India
- Association: Kho Kho Federation of India
- Confederation: International Kho Kho Federation
- Head Coach: Ashwani Kumar Sharma
- Captain: Pratik Waikar

World Cup
- Appearances: 1 (first in 2025)
- Best result: Champions, 2025

= India men's national kho kho team =

National Kho Kho team

The India men's national kho kho team represents India in men's international Kho Kho. It is governed by the Kho Kho Federation of India and is a member of International Kho Kho Federation.

India was the host of the first Kho Kho World Cup and was the inaugural world champion.

== History ==
India men's team defeated Nepal men's team in the first ever Kho Kho World Cup match in 2025.

The Indian team were placed in Group A and defeated Nepal, Brazil, Peru and Bhutan in the group stages. In the quarterfinals, India defeated Bangladesh and beat South Africa 62–42 in the semifinals.

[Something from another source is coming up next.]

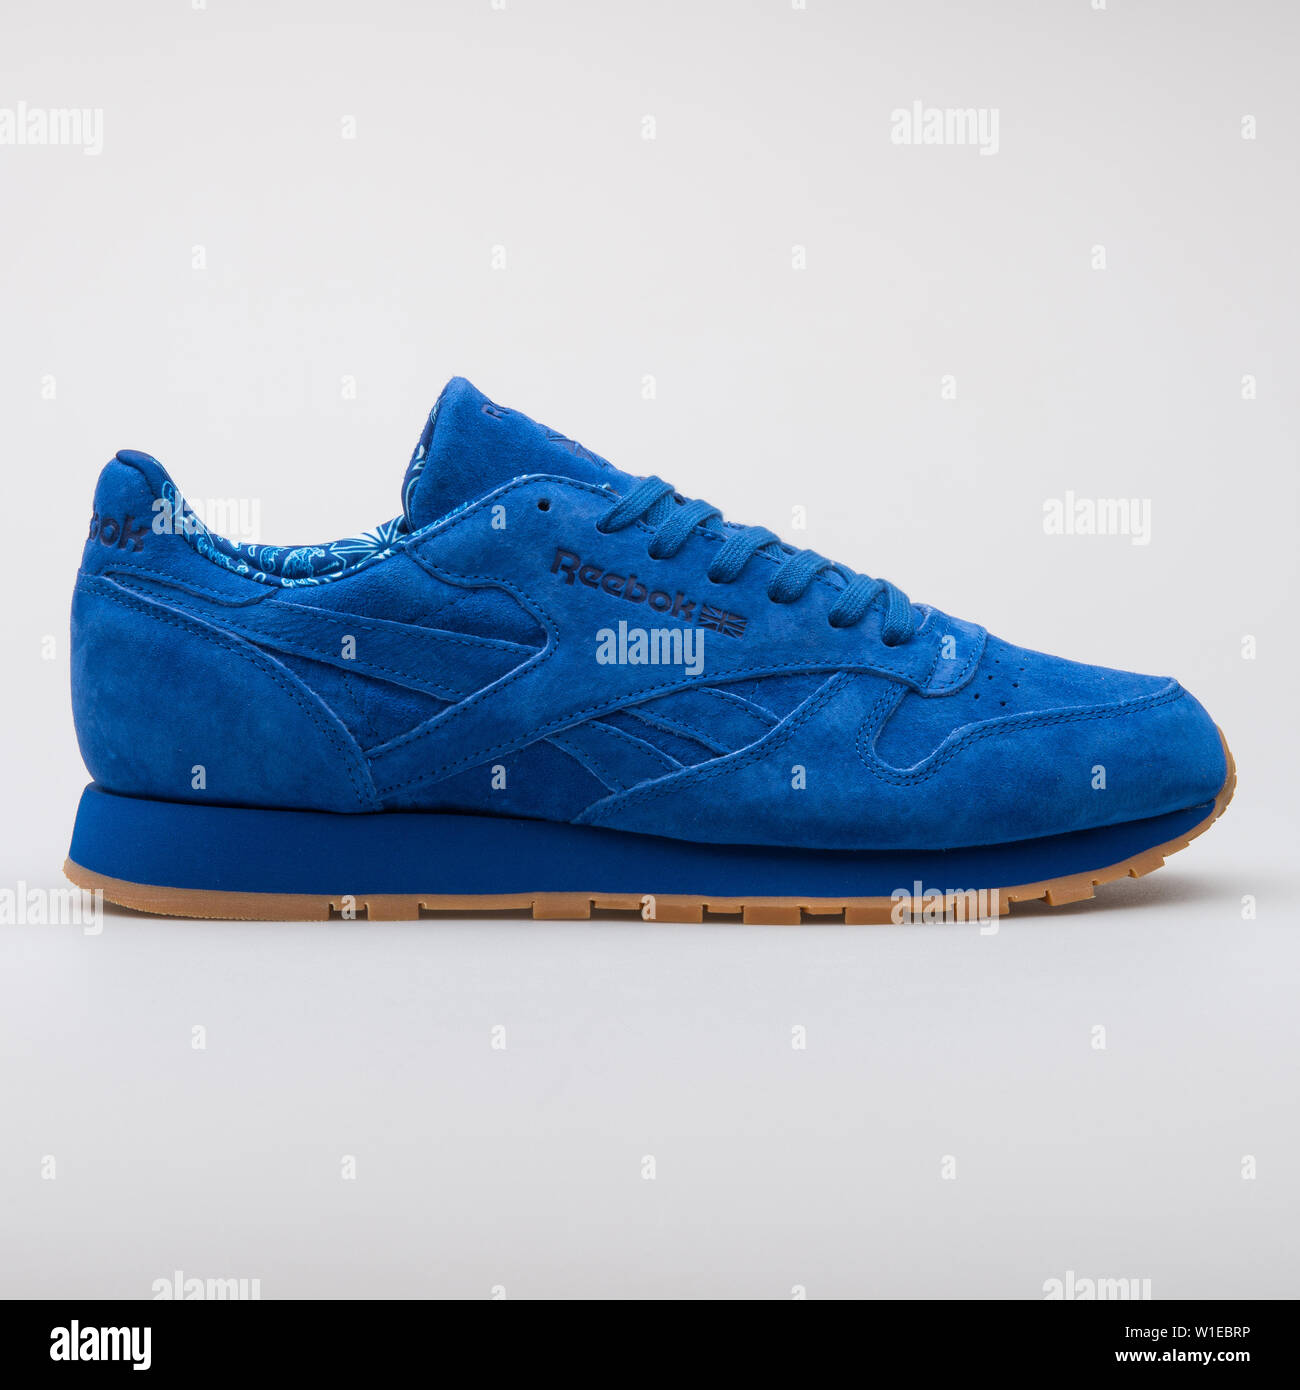 VIENNA, AUSTRIA - AUGUST 7, 2017: Reebok Classic CL Leather TDC blue  sneaker on white background Stock Photo - Alamy

In the finals, India defeated Nepal 54–36 to lift their maiden World Cup.

== Sponsorship ==
The Indian National kho kho teams are sponsored by the Odisha state government for a period of three years from January 2025 to December 2027. Odisha committed Rs 5 crore per year for a total of Rs.15 crore for three years.

== Results and fixtures ==
The following is a list of match results, as well as any future matches that have been scheduled.

=== 2025 ===

- Quarter-final 1

- Semi-final 1

- Final

== Current squad ==

Following is the team that represented India in the first Kho Kho World Cup in January 2025 at Delhi.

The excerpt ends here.